‘Trump Is Not the President’: Special Counsel Derides Hunter Biden’s Claims That He’s a Victim of a Political Prosecution

The president’s son, through his lawyer, had compared himself to murdered princes such as the teenage Tsarevich Alexei Romanov and baby Prince Astynax of Troy.

Suchat Pederson/The News Journal via AP, file
Special Counsel David Weiss during a press conference on May 3, 2018, at Wilmington, Delaware. Suchat Pederson/The News Journal via AP, file

Special Counsel David Weiss is making it clear that he is not letting up on Hunter Biden in any sense as he attempts to convict the first son on multiple felony charges related to his tax evasion and illegal gun purchase. Mr. Biden is set to begin two trials on opposite ends of the country this year and could face prison time if convicted. 

Mr. Biden’s attorney, Abbe Lowell, had argued that the first son is a victim of a “vindictive” prosecution by Mr. Weiss, who was appointed by President Trump and is now doing the bidding of Congressional Republicans, who are trying to impeach President Biden and “extremists” on the right. 

Mr. Weiss says that could not be farther from the truth, calling Mr. Biden’s assertion nothing more than a conspiratorial “house of cards.” 

“Former President Trump is not the President of the United States,” Mr. Weiss’ office said in response to Mr. Biden’s accusations. “The defendant fails to explain how President Biden or the Attorney General, to whom the Special Counsel reports, or the Special Counsel himself, or his team of prosecutors, are acting at the direction of former President Trump or Congressional Republicans.”
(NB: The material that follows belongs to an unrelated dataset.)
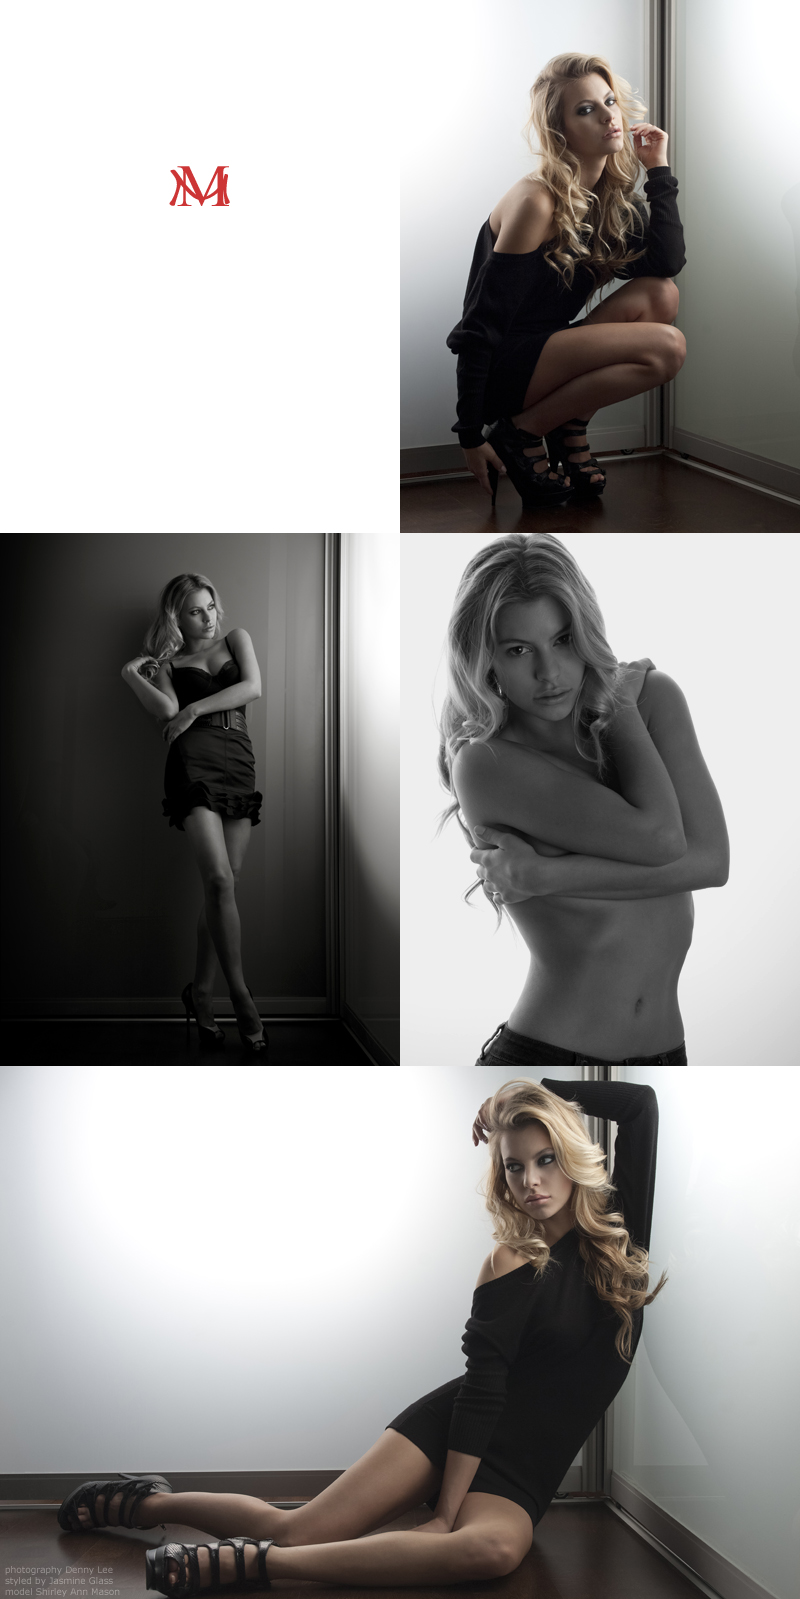 May 03, 2010 dennyleephotography.com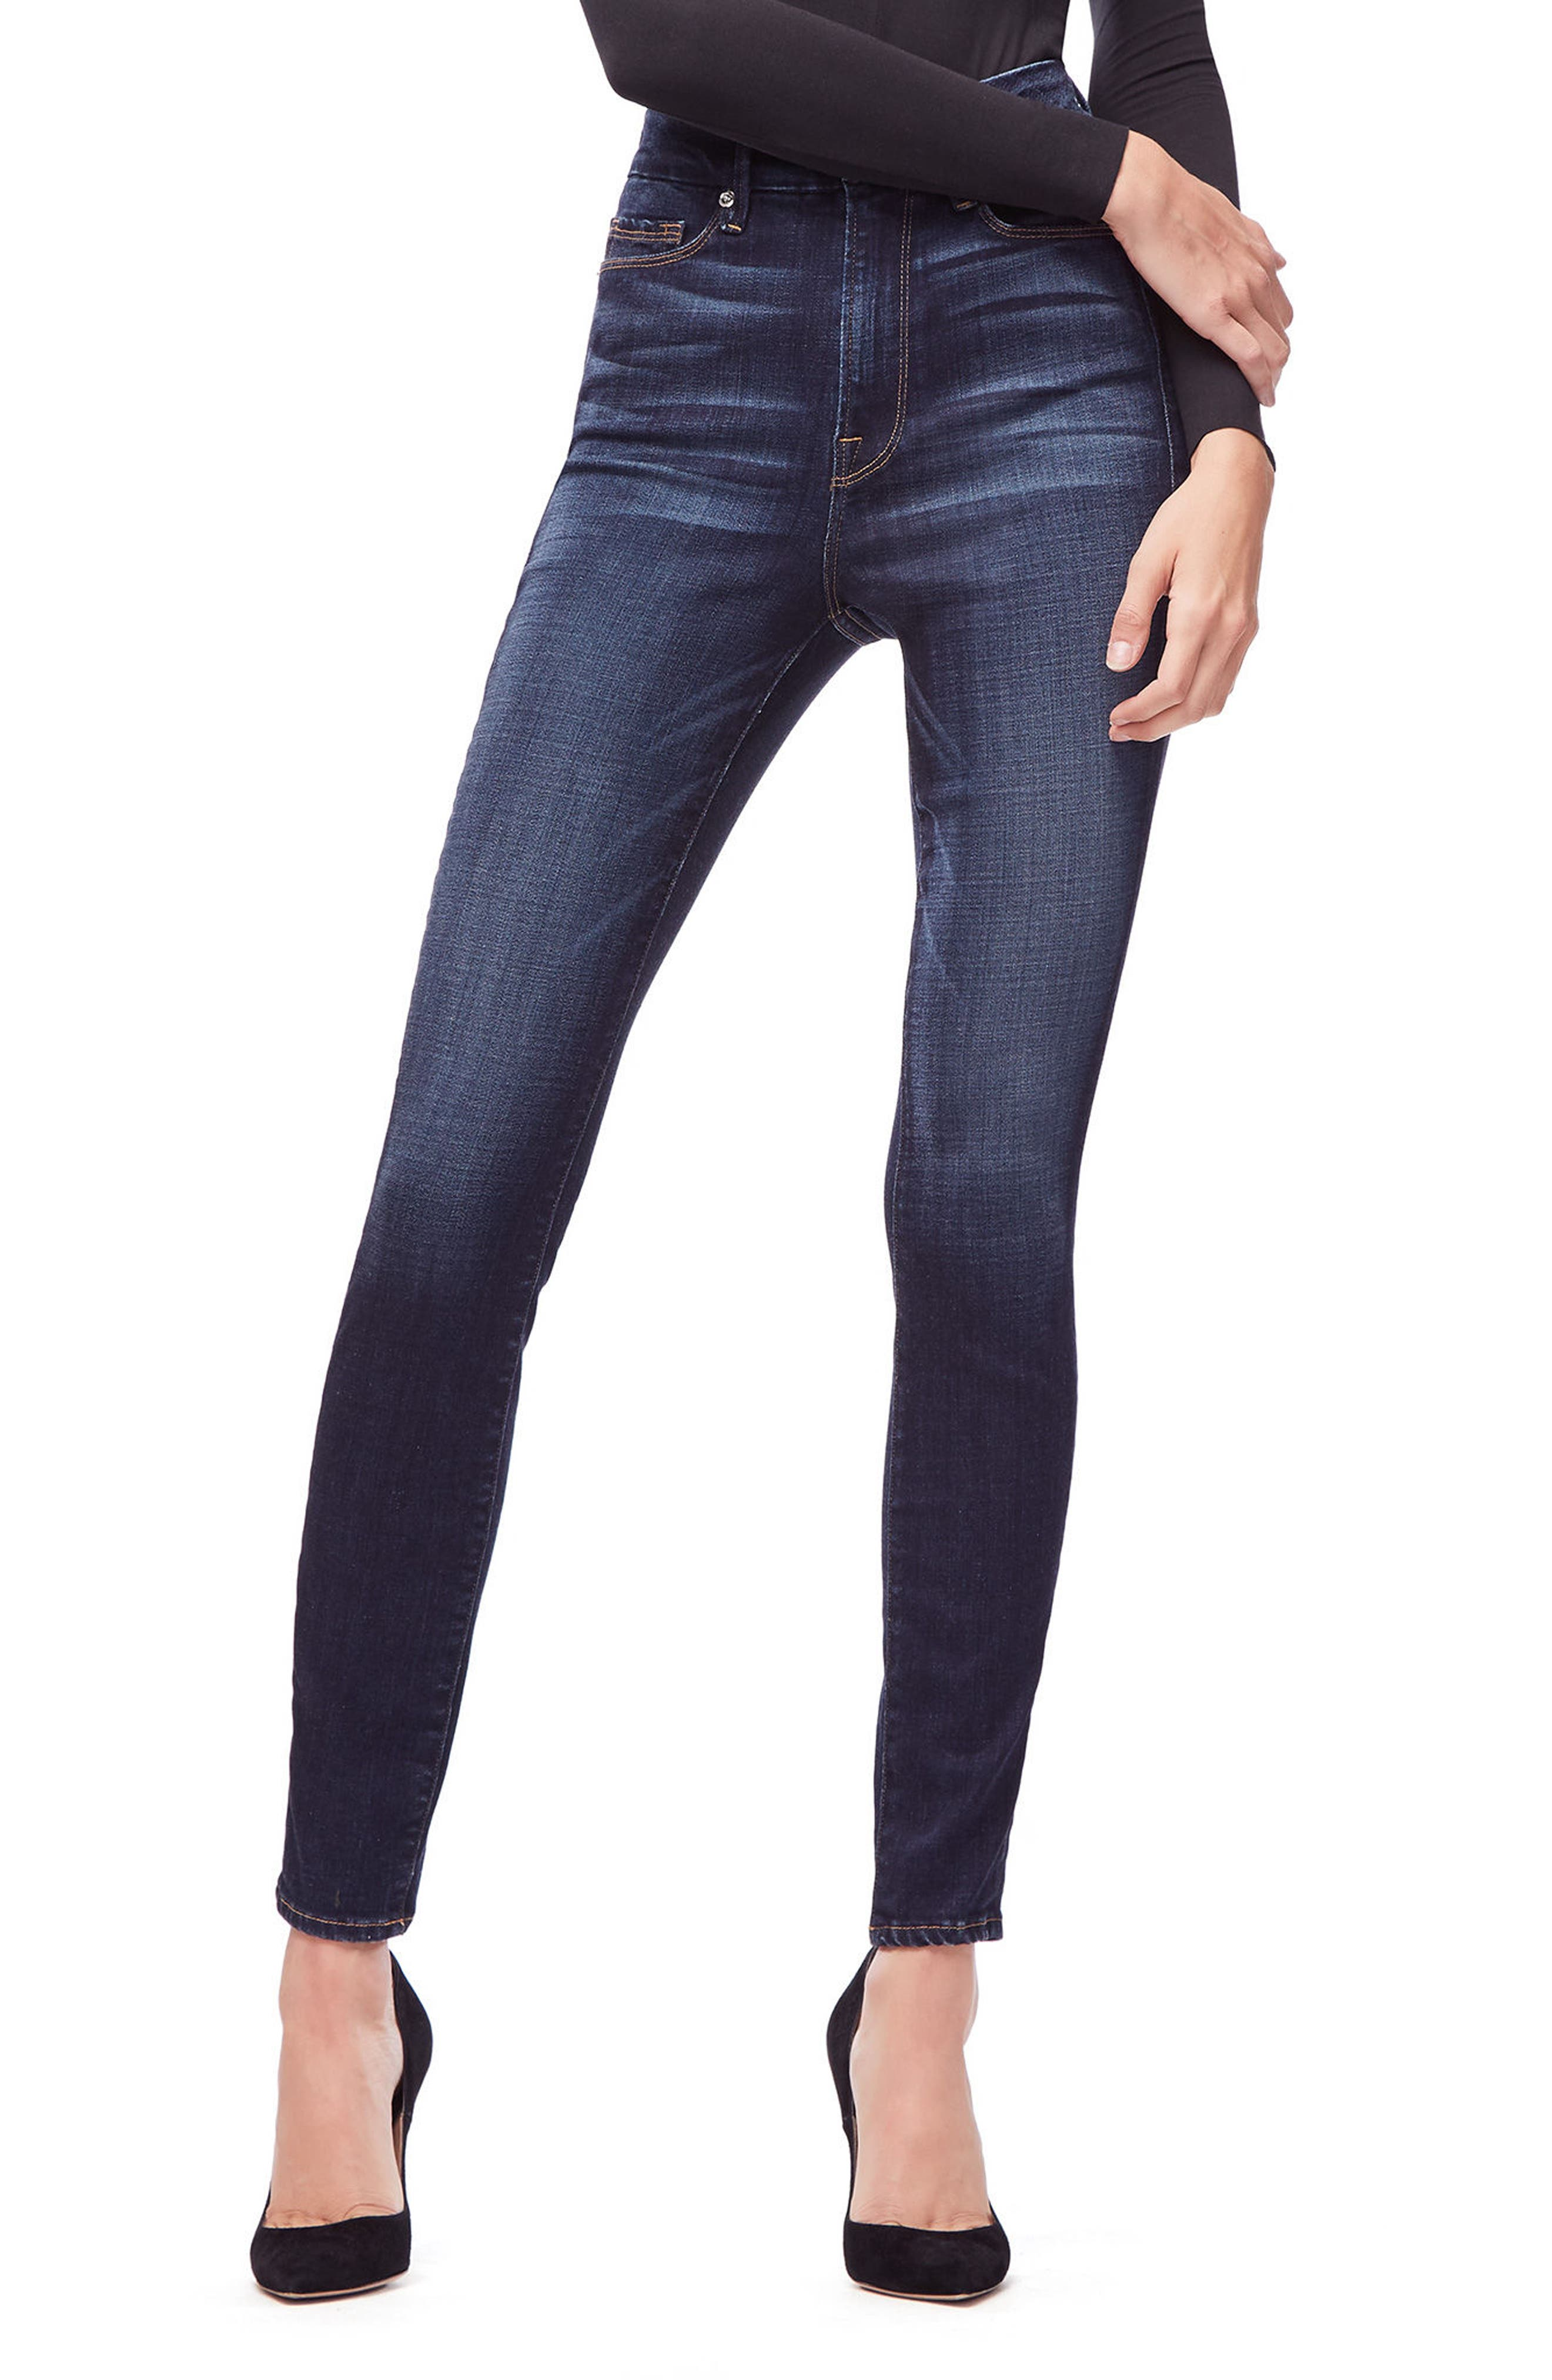 GOOD AMERICAN,                             Good Legs High Waist Skinny Jeans,                             Alternate thumbnail 5, color,                             401

Mr. Biden has in recent months thrown everything at the wall to try and have the charges against him thrown out. He has said a plea agreement signed by prosecutors last year is still in effect, argued that Mr. Weiss was unlawfully appointed, and claimed that his gun purchase while addicted to drugs is actually permissible under an originalist understanding of the Second Amendment. 

Mr. Biden also recently compared himself to the persecuted children of historical figures in Europe. 

“To be sure, children of politically powerful individuals enjoy great privilege, but they often become the targets of animus for that very reason,” Mr. Lowell writes in one court filing. “History is replete with children of political figures being abducted and assassinated literally (e.g., murder of Romanov children by Russian revolutionaries) or figuratively (e.g., Odysseus murdering the son of Crown Prince Hector when sacking Troy). Regrettably, political attacks on the children of politicians to harm or influence their parents are not uncommon in America either.”

Mr. Lowell’s argument that Mr. Weiss was not lawfully appointed as special counsel also received a sharp rebuke from the prosecutors. Mr. Lowell had argued that special counsel laws require that the appointee come from “outside” of the government, and Mr. Weiss cannot serve because he is currently the United States Attorney for Delaware. 

“For 150 years, the Attorney General has had plenary authority to empower one of his officers to litigate particular cases in federal court,” Mr. Weiss says. “Defendant offers no persuasive reason as to why that authority has not been properly exercised here.”

Mr. Weiss’ office dropped these myriad defenses of the prosecution just two days before discussions about trial schedules are set to begin. The prosecution and defense teams will have a conference call with the presiding federal judge on Wednesday to set a date for the gun purchase trial, so long as the jurist does not dismiss the indictment based on Mr. Lowell’s arguments.